さらにタイトルである「KAGEROU」(蜉蝣)が持つ「変態」と「儚さ」というところは、上の「案外移植してみれば、元は自分の脳だったとしても徐々に移植先の肉体となじみ「その人」になっていく可能性」というものを考えると、脳髄が移植されることで、その「魂」と「心」はキョウヤの肉体へと変態を遂げたものの、その「心」や「魂」は消えてしまい、いつか「元の体」、――すなわちキョウヤへと戻ってしまうのではないか……つまり、変態によって再生を果たしたヤスオの「魂」と「心」は、蜉蝣のように儚いものなのかもしれない……というフウに含みを持たせた幕引きも素晴らしい。

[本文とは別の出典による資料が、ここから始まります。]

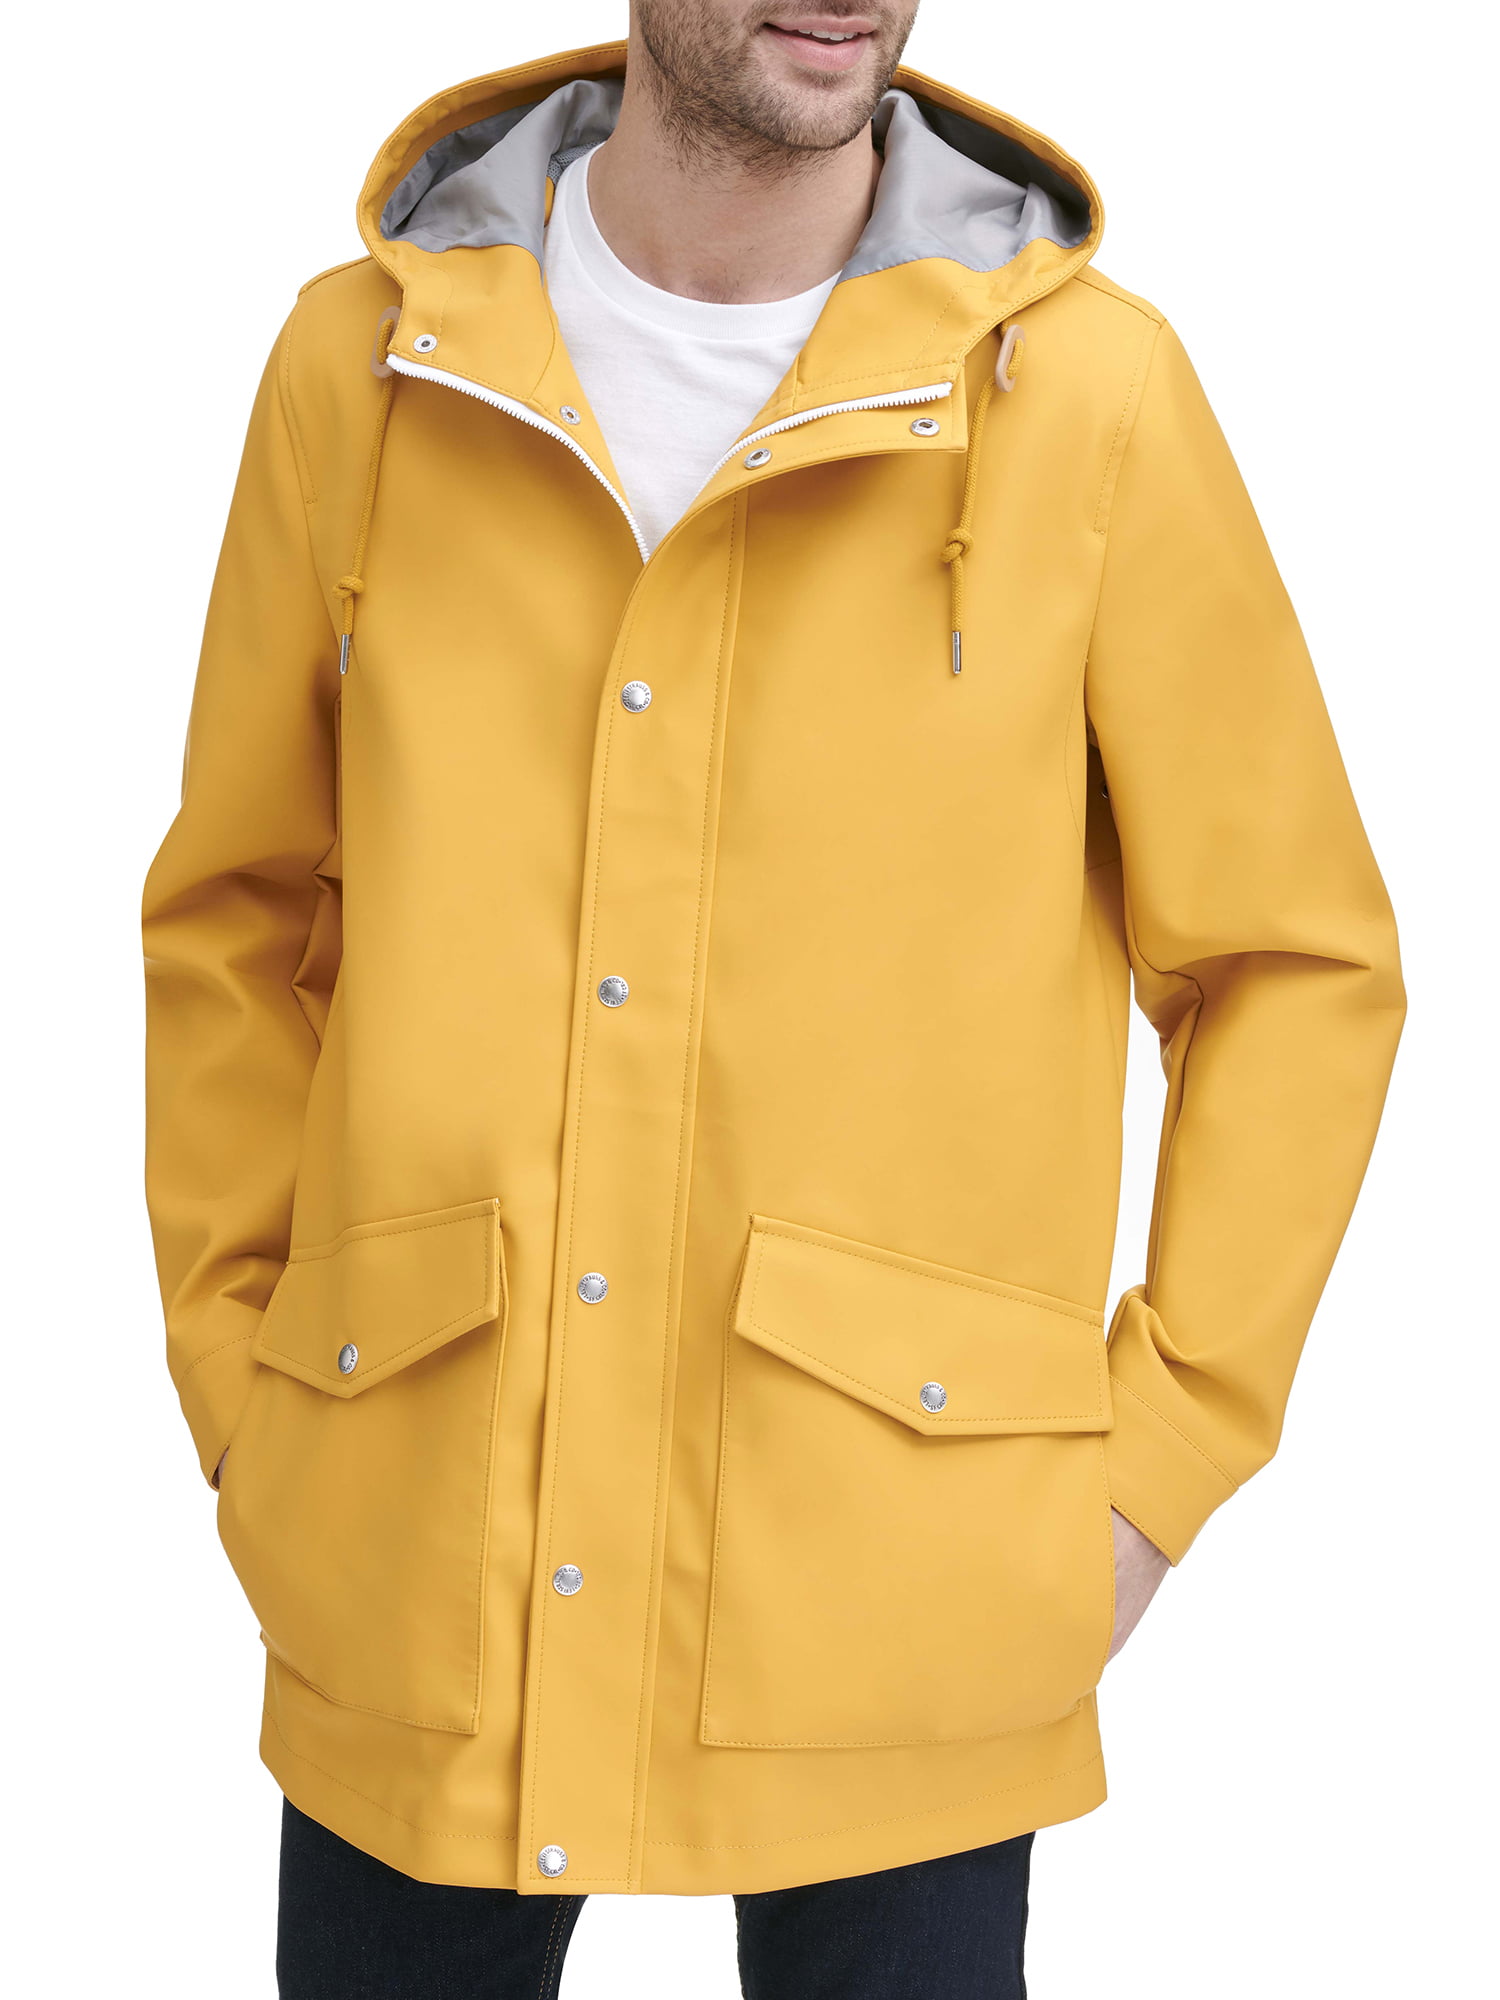 levis clear raincoat
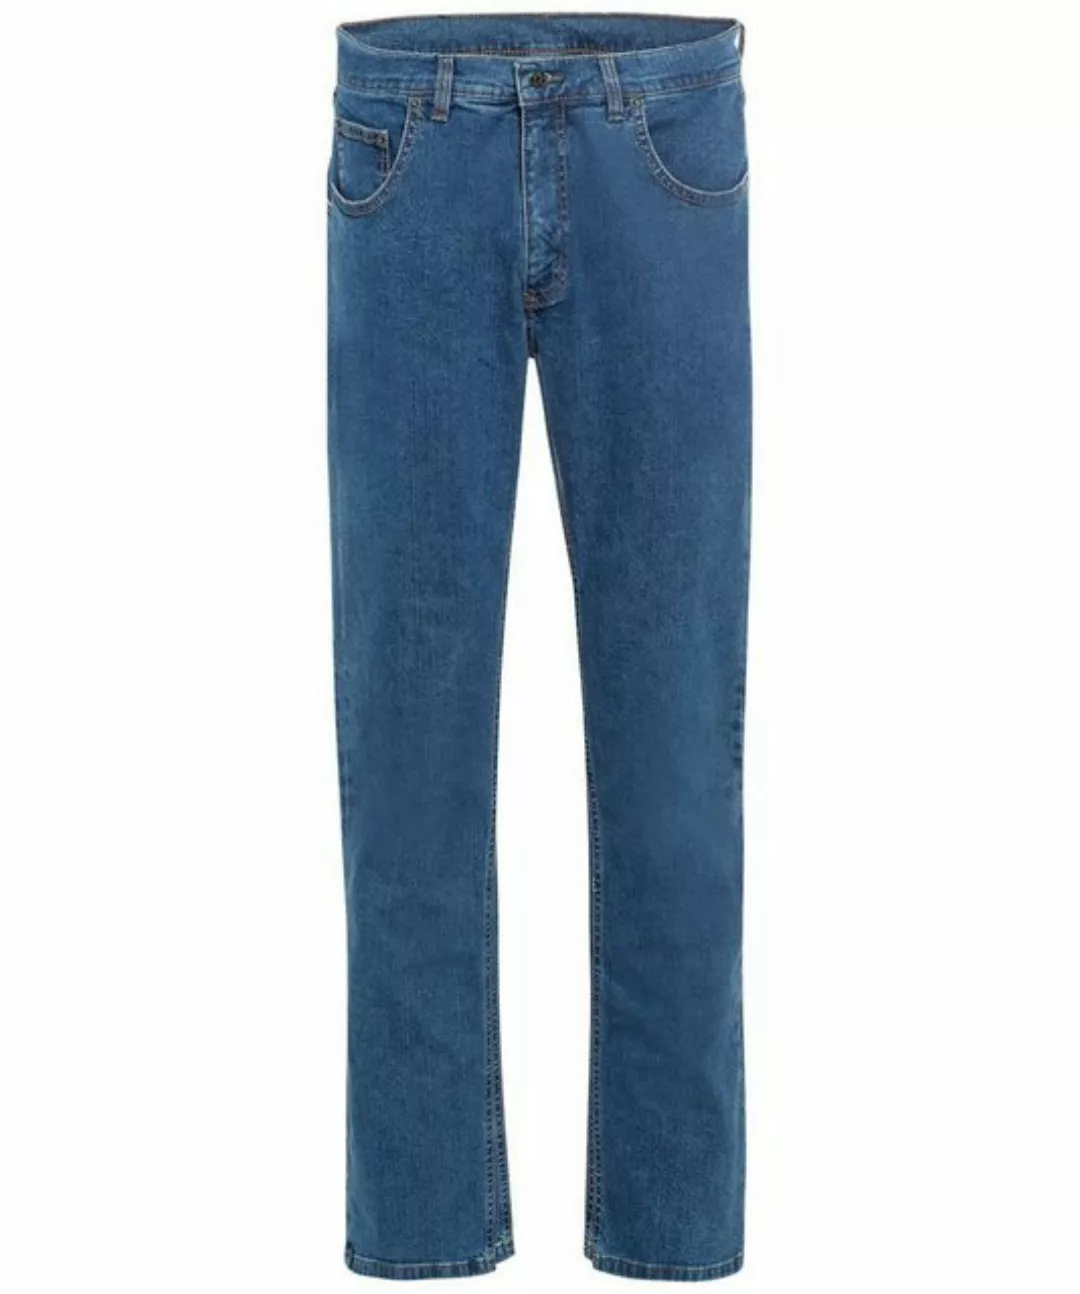 Pioneer Authentic Jeans 5-Pocket-Jeans PIONEER RON blue stonewash 11441 638 günstig online kaufen

また肉体としては大東泰雄という名前を持ちながら、作中では「ヤスオ」とカタカナ表記になっているのも、「肉体」と「心や魂」とを区別し、脳移植によって「心と魂」が入れ替わったラストの趣向を際立たせるための仕掛けと見ることもできるし……というわけで、脳移植に絡めた趣向と仕掛けをミステリとして読み取ることができれば、「ゴミ箱行き」というほどひどい作品ではありません。むしろ最後の「Report」に、脳移植という事実を記載しないことで、作中では語られていない「この後の物語」の想像を読者に委ね、それがまた言いしれぬ余韻を生み出している効果など、結構もなかなか考えられているといえるのではないでしょうか。
ということで、出来レースだ何だと色々と言われていますが、そうした背景を抜きにして読んでみれば、それほど悪くない、いや、なかなかイケてるんじゃないノ、と仕掛けを読み取るクセがついているミステリ読みとしては存外に愉しめてしまう一冊で、個人的には最後の「Report」の趣向に傑作「遠海事件」を想起してしまった自分としては、本格ミステリ読みにもさりげなーくオススメしておきたいと思います。